Боговы дни
Шрифт:
Я смотрел на мир. За воротцами виднелись просвеченный солнцем кусок огорода и заречного луга, уходящие вдаль лесные горы, над которыми уже робко высунулась из небесной голубизны половинка полупрозрачной луны… А рядом над кустом малины плясали мошки… Над трубой бани искривлялось пространство, дрожал горячий воздух — баба Катя подтопила, чтоб мы с дедом ополоснулись после работы… А вон в солнечном квадрате огорода маячит сам дед: коромыслом таскает с речки воду, поливает грядки… Отстранённо проплыла мысль:
«Как он ещё шевелится! Почему я не могу?» Подошла, села рядом
— Но, знать-то совсем умаялся. Иди мойся, потом отдохнёшь.
Но я собрал остатки сил, встал и заявил:
— Пойду помогу деду.
— Да ты сёдни устал, не ходи. Дед польёт, он привышной…

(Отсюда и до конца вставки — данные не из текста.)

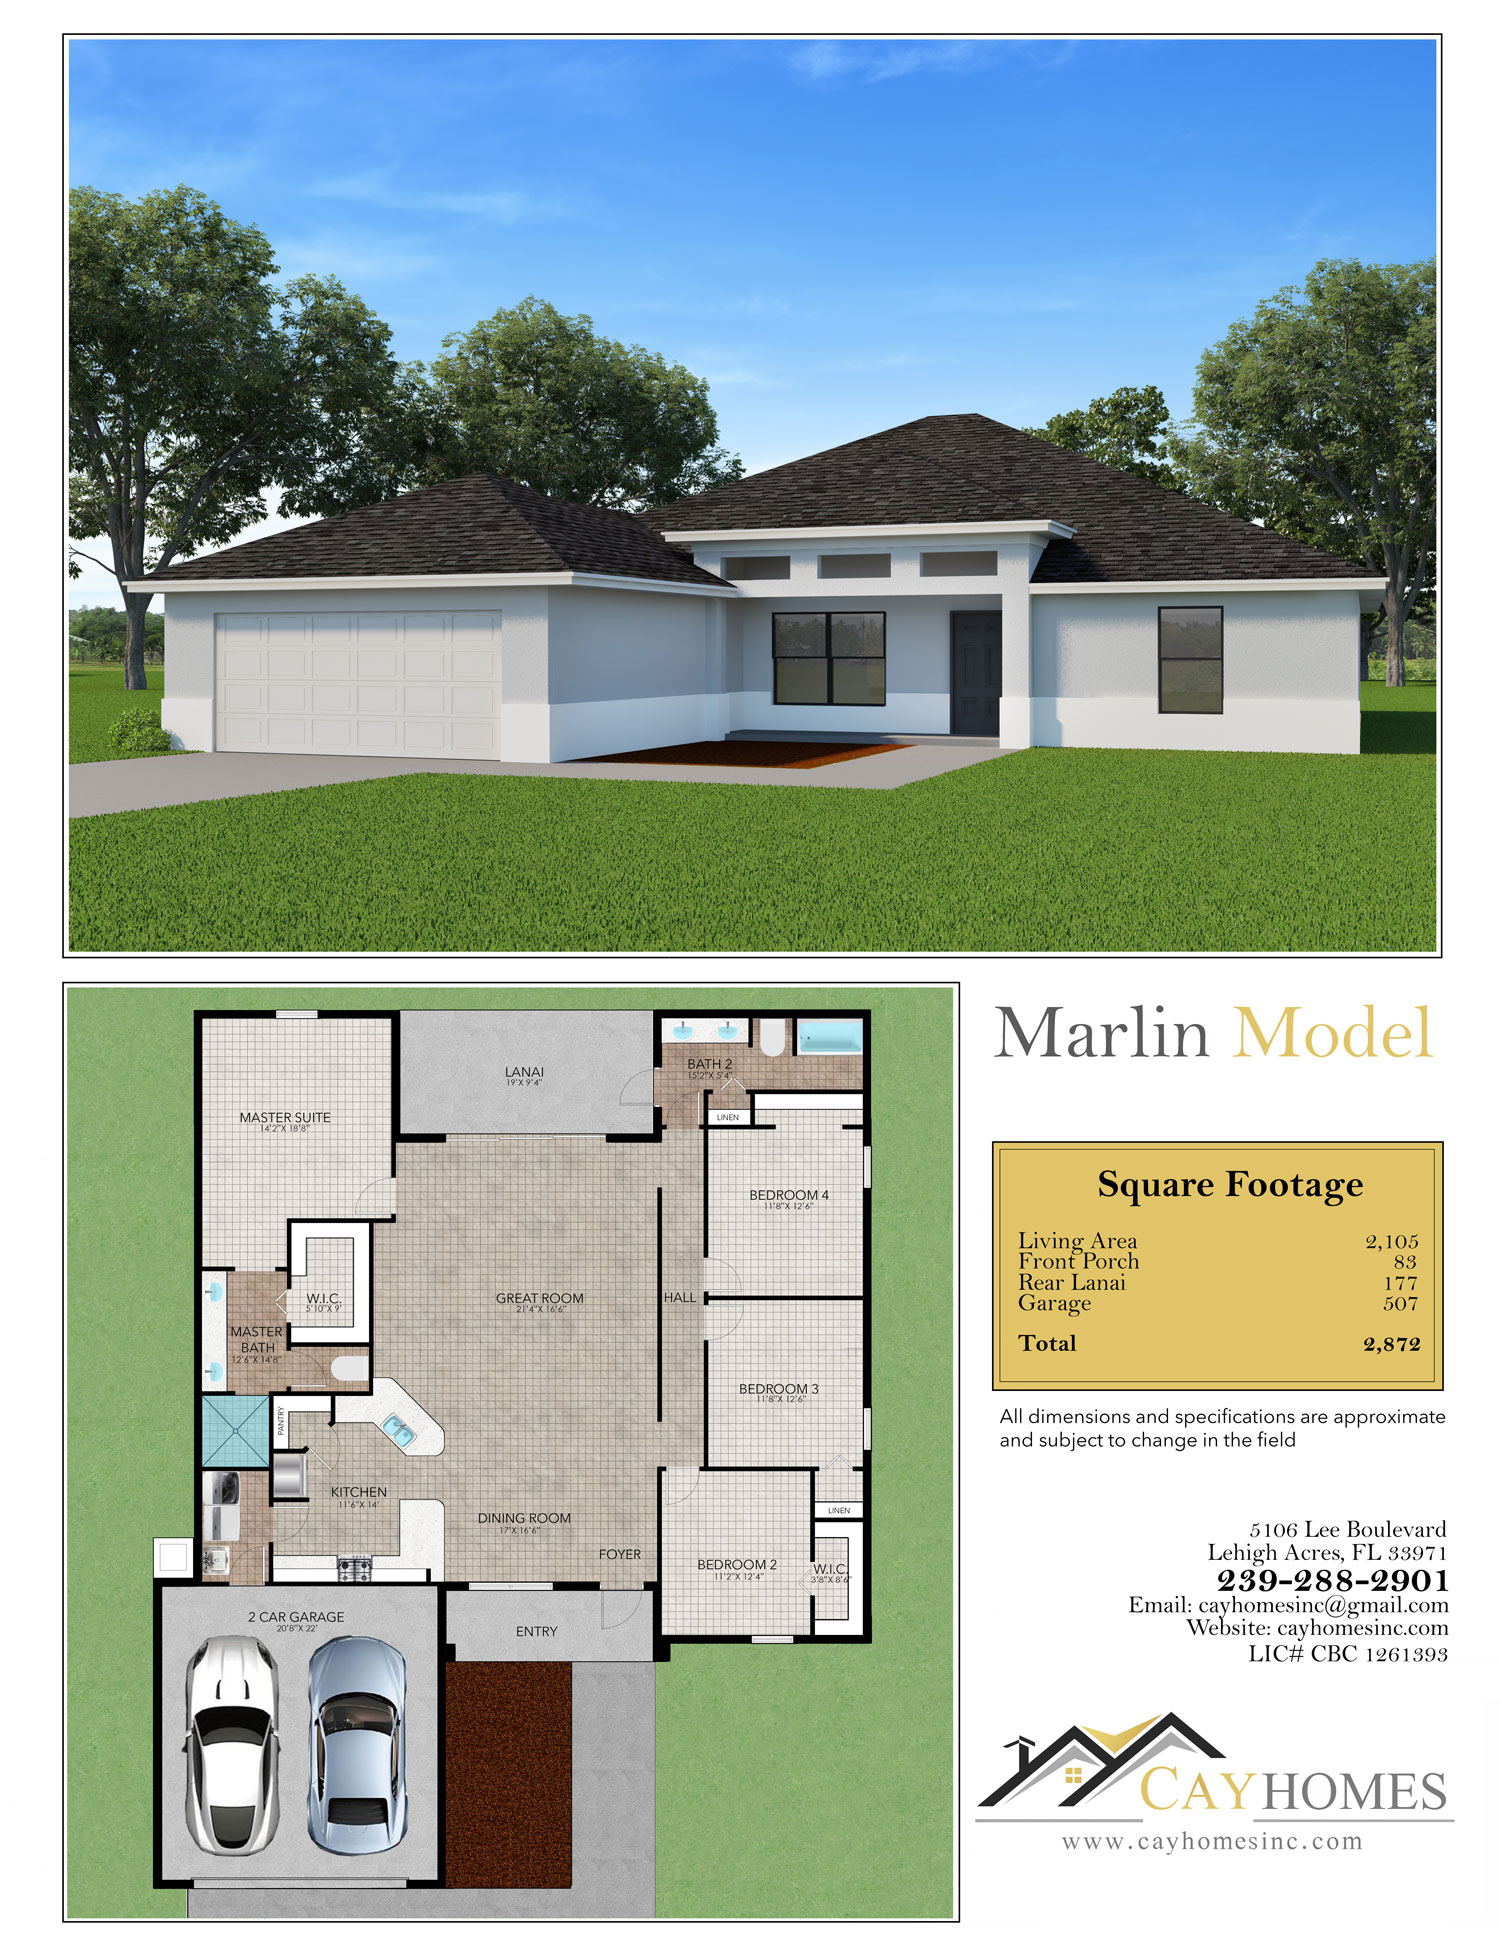 The Marlin Model by Cay Homes in Lehigh Acres

Но огород мы с дедом дополивали вместе.
* * *
Баба Катя была человеком добрым и жалостливым. Она жалела всех — от дальнего родственника, славшего письма с другого конца страны, до героинь киношных мелодрам, а меня, летами пребывавшего под её опекой, баловала и любила, как родного внука. Вот только беспокойным, горячим характером своим никак не сходилась с дедом Мишей — молчуном, работягой и любителем выпить. Что бы он ни делал — всё раздражало бабу Катю, но это раздражение доставалось исключительно одному деду, не причиняя вреда другим.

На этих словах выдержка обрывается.